An international research team has proposed a perovskite solar cell architecture incorporating a thin tetraphenyl-porphine zinc interfacial layer to enhance surface potential, passivate defect states, and improve charge transport. The strategy leads to improved device efficiency and operational stability, enabling power conversion efficiencies exceeding 13%.
An international group of researchers has proposed a novel device design that enhances the surface potential of cesium lead iodide bromide (CsPbIBr₂) perovskite solar cells by depositing a thin layer of tetraphenyl-porphine zinc (TPP-Zn) onto the active layer.
Regular CsPbIBr₂ devices are well regarded for their superior operational stability compared to many other inorganic perovskite compositions, owing to their robust crystal lattice, reduced sensitivity to moisture, and improved thermal resilience. However, their practical application is still constrained by relatively low power conversion efficiencies, primarily linked to interfacial charge recombination and limited charge extraction.

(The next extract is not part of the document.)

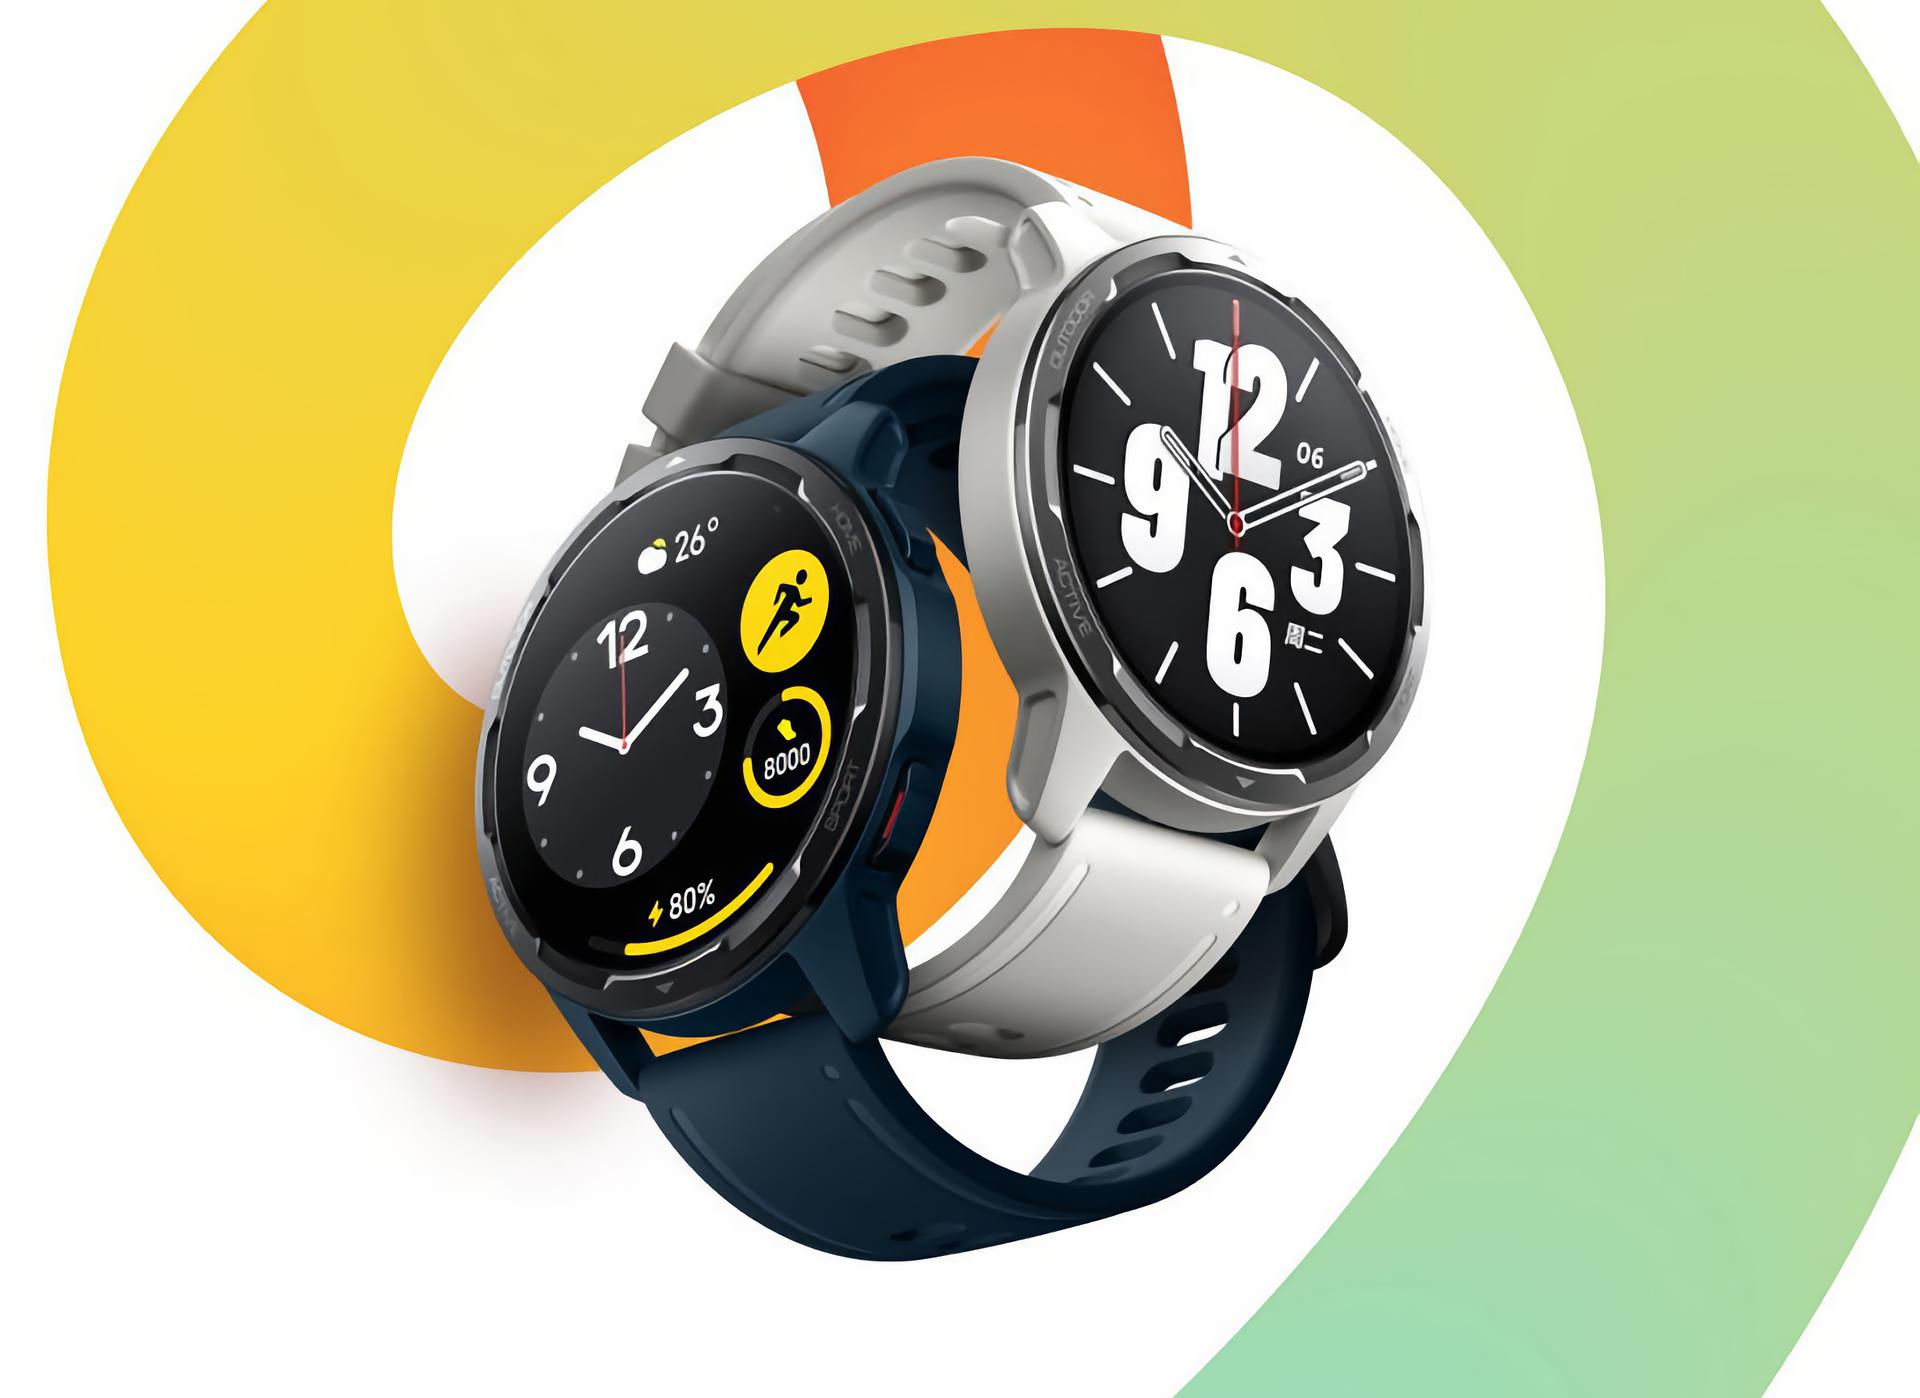 Xiaomi Watch Color 2: AMOLED screen, 117 sport modes, GPS, NFC, battery life up to 12 days and third-party app support
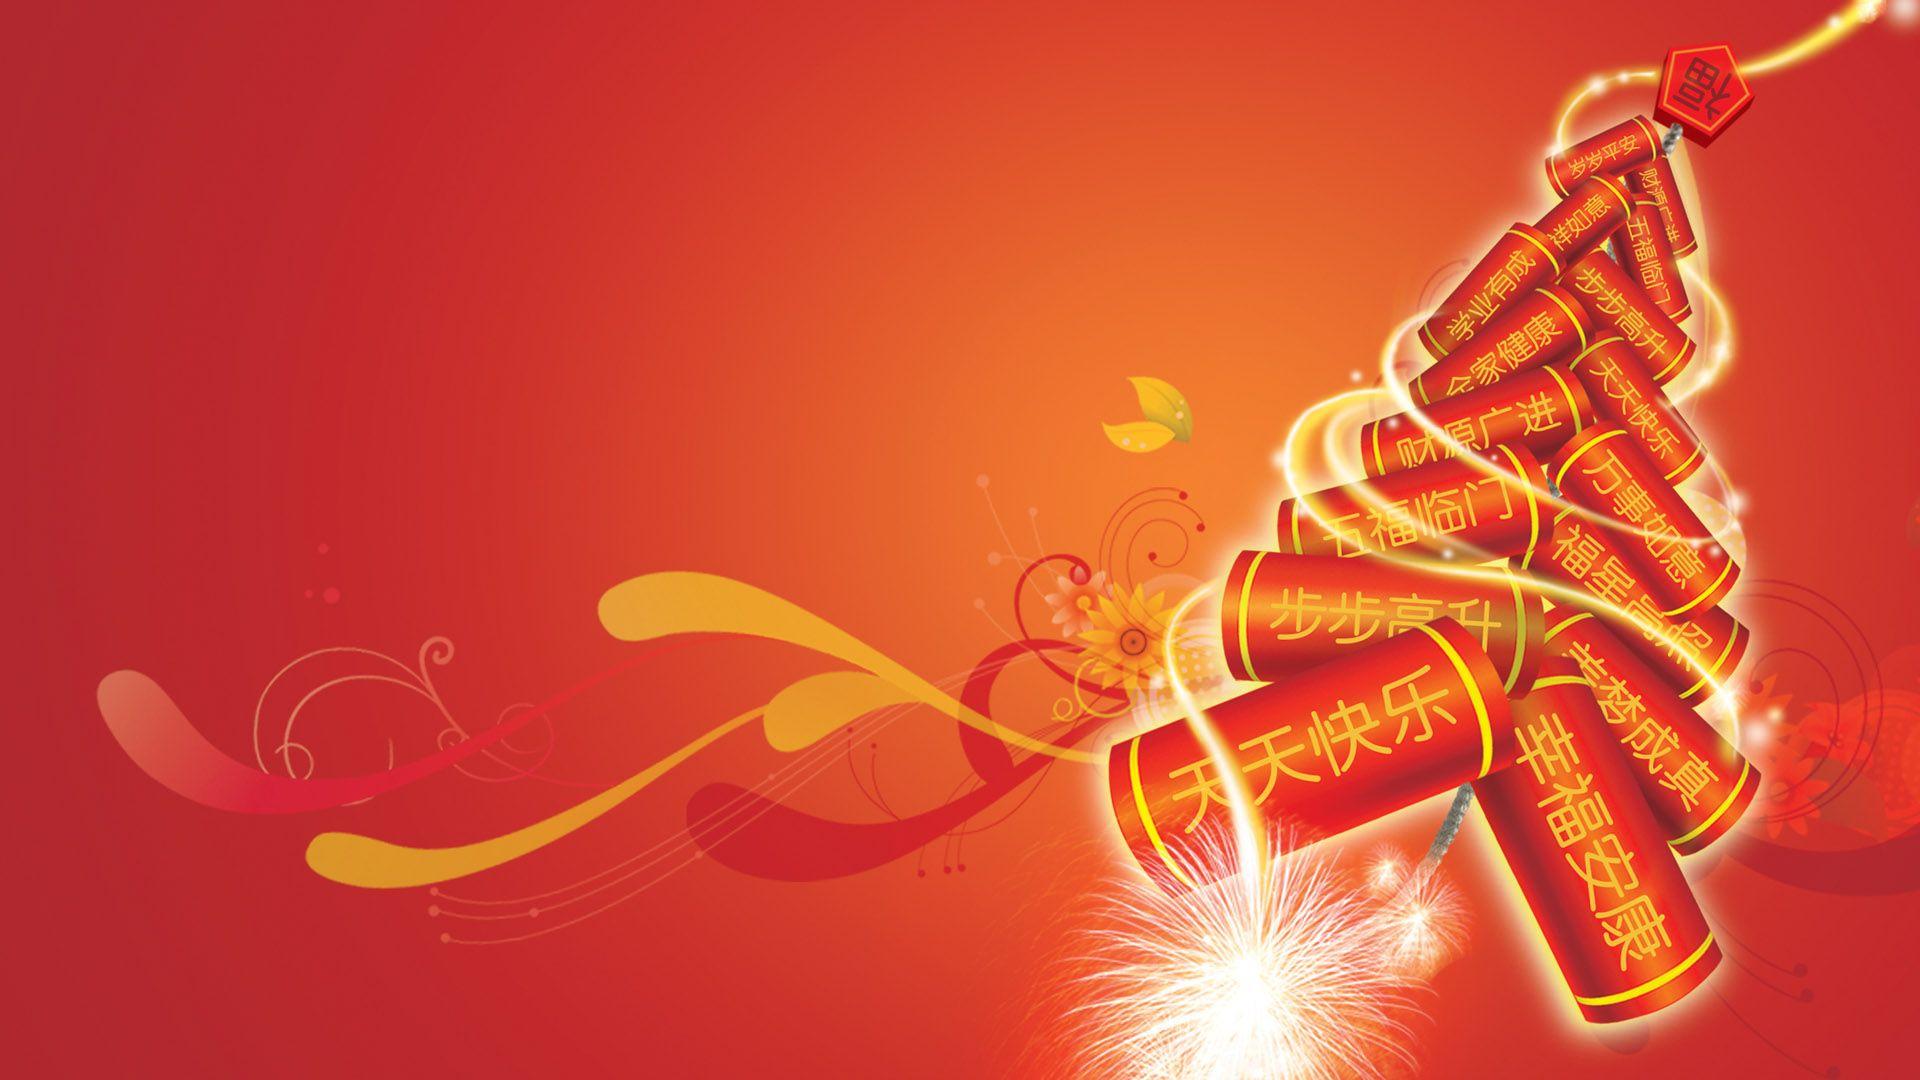 Happy Chinese New Year 2019 Image Greetings Wallpaper. Trending

“The novelty of this work lies in introducing a TPP-Zn interfacial layer to effectively modulate the surface potential and passivate trap states in all-inorganic wide-bandgap CsPbIBr2 perovskite solar cells,” corresponding author M. Bilal Faheem told pv magazine.
“Unlike conventional passivation strategies, the coordination interaction between TPP-Zn and undercoordinated metal cations enables simultaneous suppression of surface defects and enhancement of charge carrier dynamics, leading to improved device efficiency and stability,” he also explained. “Furthermore, the experimental outcomes were validated through an analogous simulation device design using SCAPS-1D against the photovoltaic parameters and thermal stability of perovskite solar cell devices.”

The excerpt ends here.